Das Problem in Mexiko ist, dass die Polizei einem Geld wegnimmt, selbst wenn man gültige Ausweispapiere dabeihat.
Uns bleibt nichts anderes übrig, als dort auf der Strasse auszuharren, ohne irgendeine Hilfe, und uns vor den kriminellen Banden zu schützen. Es würde mir nichts ausmachen zu warten, wenn uns wirklich jemand helfen würde. Wir wissen, dass Tausende auf Asyl warten. Aber hier ist es noch nicht mal erlaubt, durch die Strassen zu gehen.»
«Wir haben Angst um unser Leben»
José María Paz Celaya, 31, aus San Pedro Sula, Honduras, wurde in Mexiko psychisch und physisch misshandelt. Als er versuchte, die Grenze zu den Vereinigten Staaten zu überqueren, wurde er inhaftiert und in der Haft geschlagen.
«Der Einwanderungsmitarbeiter fragte mich, ob ich Marijuana hätte und ich antwortete, dass ich nicht rauche.
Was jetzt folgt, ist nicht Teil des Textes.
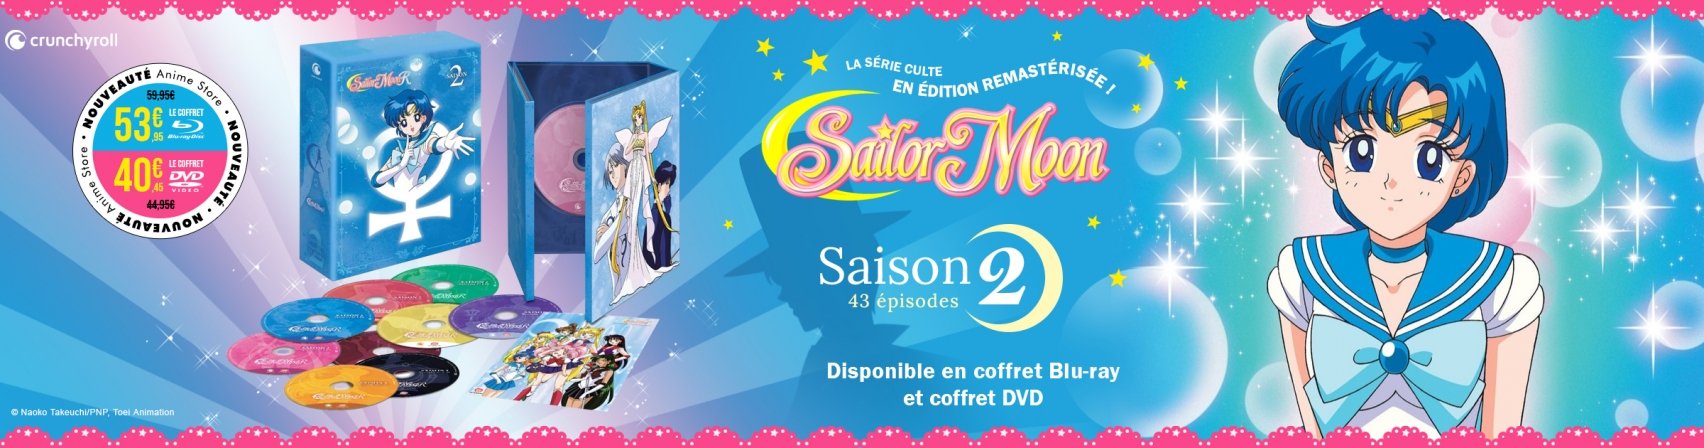 Nouveaut : Sailor Moon Saison 2 en coffret Blu-ray et DVD

Er hakte nach und ich bestand auf meiner Antwort. Er wollte mich ausziehen und ich sagte ihm, dass dies verboten sei, dass es menschenunwürdig sei. Er sagte: «Du machst hier nicht die Regeln, du bist hier nicht in deinem Land, du dreckiger Immigrant.» «Okay», antwortete ich, «aber du wirst mich nicht ausziehen.» Und ich liess mich nicht ausziehen.
Sie schlugen mich ins Gesicht und warfen mich auf den Boden. Ich landete auf dem Gesicht. Sie legten mir Hand- und Fussschellen an, als wäre ich ein Krimineller und liessen mich eine Stunde lang auf dem Boden knien. Sie fragen dich gar nichts, sie wollen weder deinen Vor- noch deinen Nachnamen wissen. Sie fragen nicht, warum du dein Land verlassen hast, ob du in deinem Land bedroht wurdest. Es ist ihnen egal.
Piedras Negras ist schrecklich. Man lebt in ständiger Angst, von Kriminellen gekidnappt zu werden. Wir haben riesige Angst, wenn wir durch die Strassen gehen. Da wir Rucksäcke tragen, wissen sie, dass wir Migranten sind und wollen uns kidnappen. Aber wir haben kein Geld. Wir sind vor den Bedrohungen in unserer Heimat geflohen. Wir wussten nicht, dass wir uns damit in eine Situation begeben würden, die manchmal noch schlimmer ist als in unseren Ländern.
Manchmal kann ich vor lauter Angst, dass mir etwas zustösst, nicht schlafen. Ich wohne mit drei Mitreisenden in einem verlassenen Haus. Zwei schlafen und zwei bleiben wach, um aufzupassen. Die meisten von uns hier haben Angst um ihr Leben.»